The logic to "stick" to a working metastore address is on done on purpose. It is done this way to avoid failing Trino query in a situation when we have multiple metastore addresses listed and many of those are actually not working. If we go round robin in such case it is very possible to run out of retry limit, before getting to a working metastore instance. We've seen that happen in practice.
If you want load balancing across multiple HMS server the better practice is probably to use only one URI for the metastore config in the catalog file. And then have that one URI point to an actual load balancer that distributes the load evenly across your identical HMS instances that as set up as a high availability HMS.
@mosabua that's exactly opposite of what i suggested on slack recently. Yes -- it would work But no -- users shouldn't need to put a load balancer in front of HMS if Trino supports load balancing internally.
(And if we want to go down "it's recommended to use a load balancer" route, we should deprecate/remove support for multiple metastore URIs.)
Personally I think the load balancing aspect should be handled outside of Trino and we should remove the support of multiple URIs. And we do know that using an external loadbalancer in front of a HMS works well and simplifies things for Trino.
But I don't know how Trino treats such external dependencies in general either. It seems inconsistent to some degree. E.g. for JDBC connections we only connect to one db typically and leave the clustering and such to the database. On the other hand for Elasticsearch we do distribute the load. And we do it for reading from Hive. Either approach can make sense.
Another example are probably external systems like LDAP for auth .. I dont think we have an internal load balancing to multiple external servers either.
@mdschwarz You are right. It chooses the other address only when the first one has failed. As a workaround, we added a proxy layer in front of our metastore services and start pointing hive.metastore.uri to the proxy.
@mdschwarz May I ask, What should the value of hive.metastore.service.principal
be at this time? and do I need to do anything between hive and kerbeors?

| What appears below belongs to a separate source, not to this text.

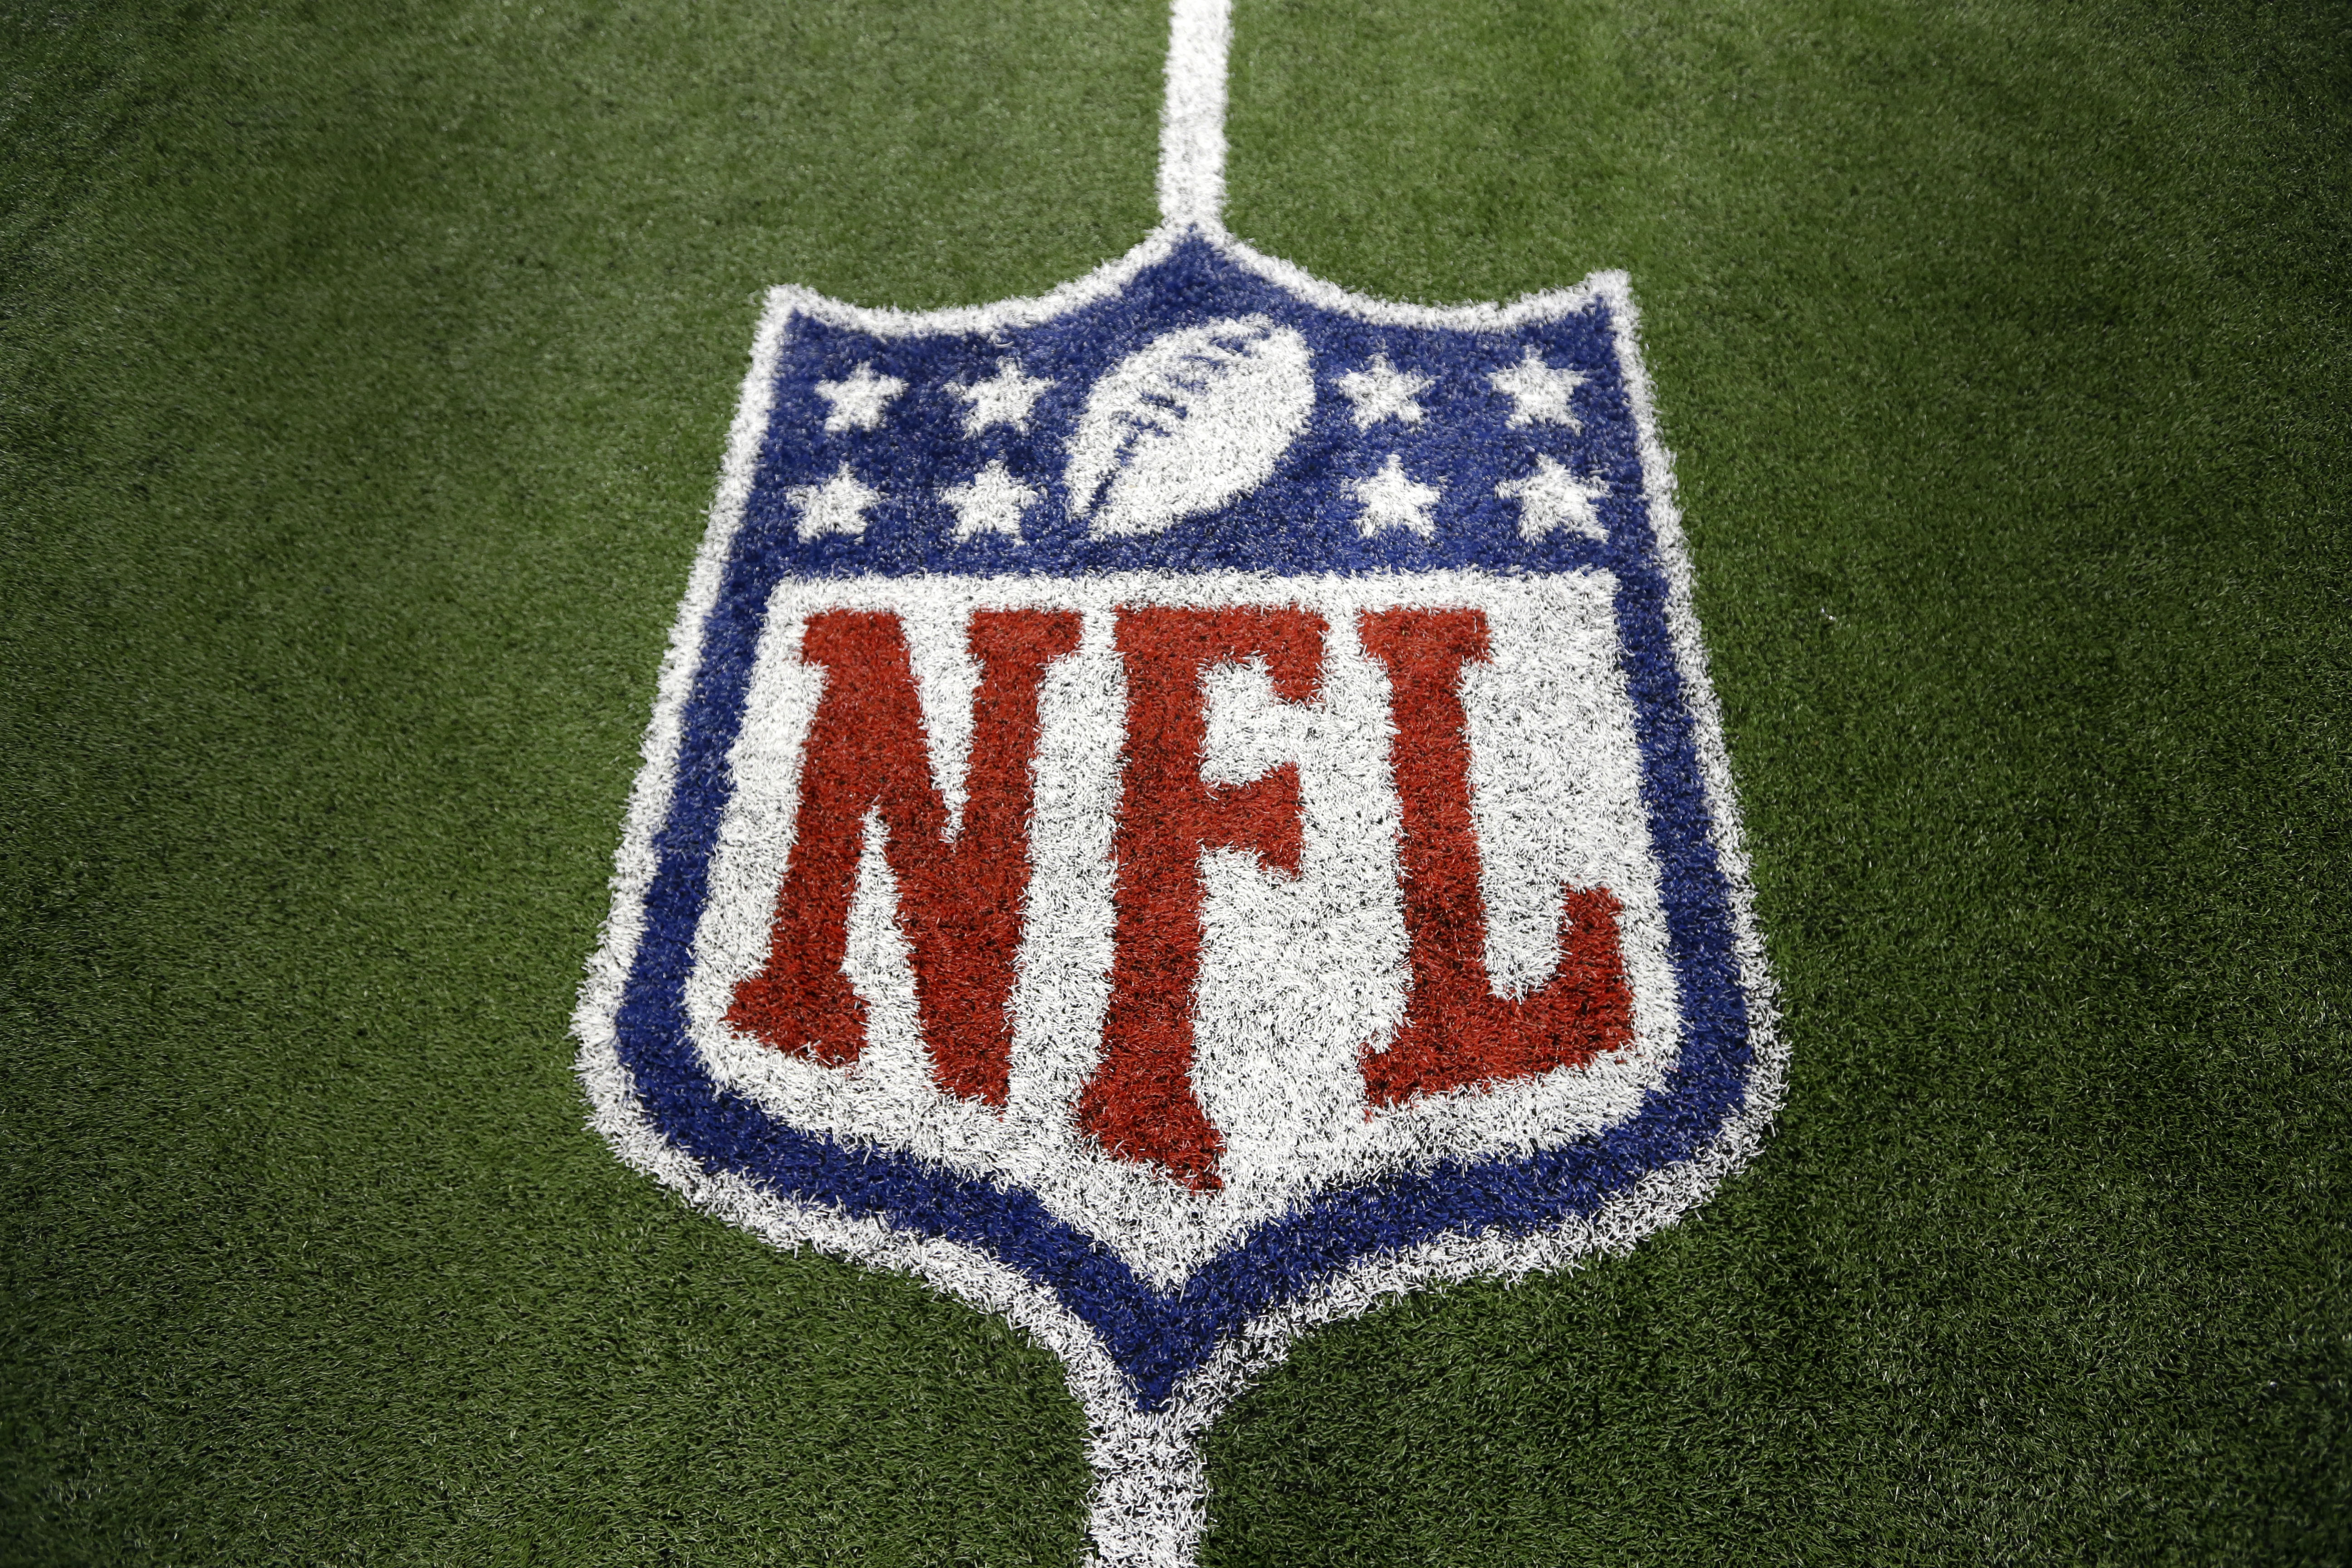 NFL Network and NFL RedZone will be offered direct to consumer on NFL+  service

I set it to hive/_HOST@REALM and hive/proxy_dns_host@REALM, and both will report an error: io.trino.spi.TrinoException: Failed connecting to Hive metastore: [proxy_dns_host:9083] at io.trino.plugin.hive.metastore.thrift.TokenFetchingMetastoreClientFactory.loadDelegationToken(TokenFetchingMetastoreClientFactory.java:113) ... Caused by: org.apache.thrift.transport.TTransportException: proxy_dns_host:9083: Peer indicated failure: GSS initiate failed
"It's not exactly round robin, as far as I could tell from the code and from empirical observation. The implementation in StaticMetastoreLocator looks like it only moves on to a secondary uri on errors, and only temporarily. In practice we've been seeing only two get used, even under stress with sporadic query failures due to metatore SocketTimeoutExceptions."